На щекахъ Кети вспыхнулъ румянецъ, но тотчасъ-же исчезъ; глаза ея встрѣтили взглядъ сестры съ твердостью и холодностью.

– Я хорошо знаю цѣну тому, что мы сами заработали; что я сама могу выработать, то предпочту всякому подарку, – продолжала Кети, не обращая вниманія на слова Флоры, – и потому взяла бы съ рабочихъ ту цѣну, какую они хотѣли дать за твою землю.

– Да, ты устраеваешь очень выгодное дѣло, Кети, – смѣялся совѣтникъ. – Той суммой не могъ бы вполнѣ оплатиться мой безплодный, береговой клочокъ, а ты хочешь отдать за него превосходную, черноземную почву, да еще рядомъ съ мельницей!
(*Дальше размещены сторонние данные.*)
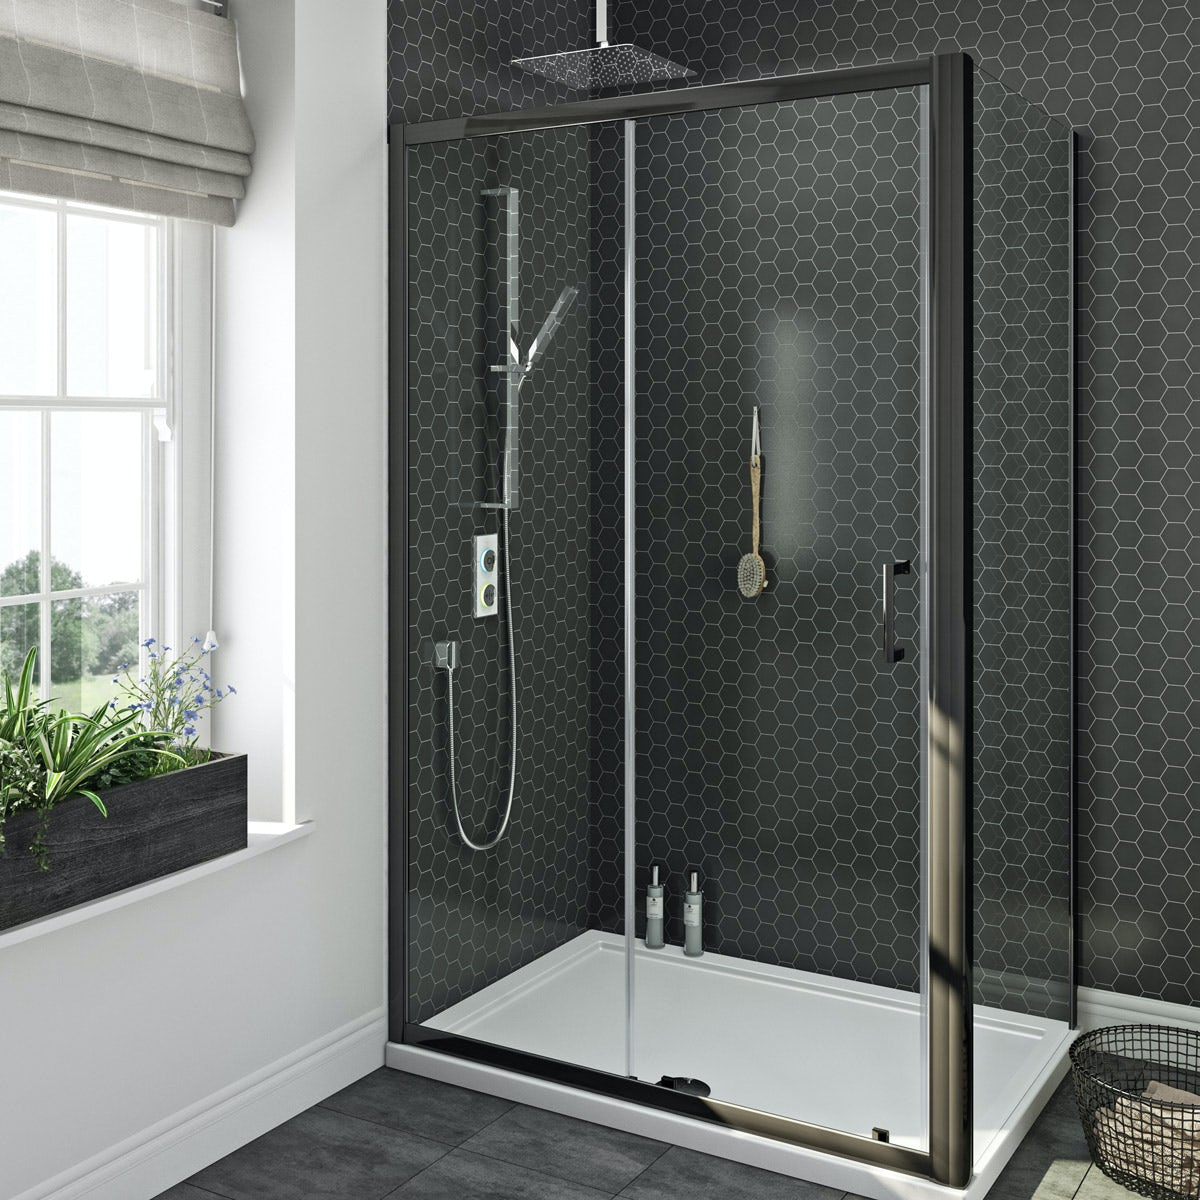 smartap white smart shower system with mode black shower
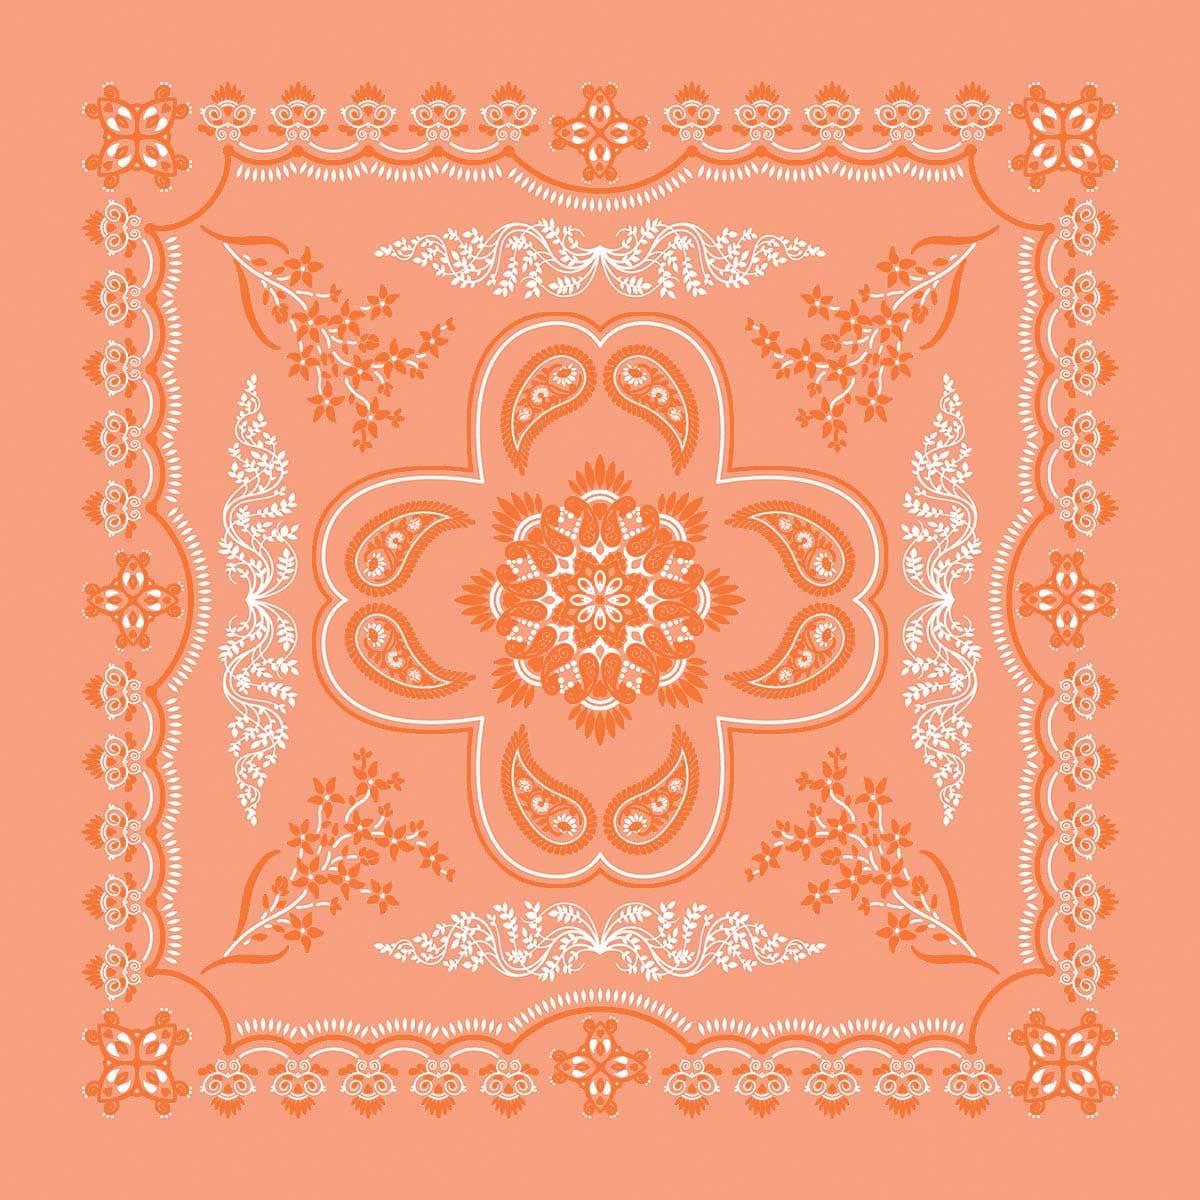 B27PAI-000539-Floral-Paisley-Coral

Нѣтъ, какъ хочешь, но моя совѣсть не позволяетъ мнѣ согласиться съ тобою.

– Въ такомъ случаѣ имъ придется подождать еще нѣсколько времени, – отвѣтила она спокойно. – Черезъ три года я исполню свое намѣреніе и можетъ быть дамъ рабочимъ денегъ на постройку, конечно безъ всякихъ процентовъ.

Затѣмъ Кети поклонилась съ спокойною улыбкою и вышла.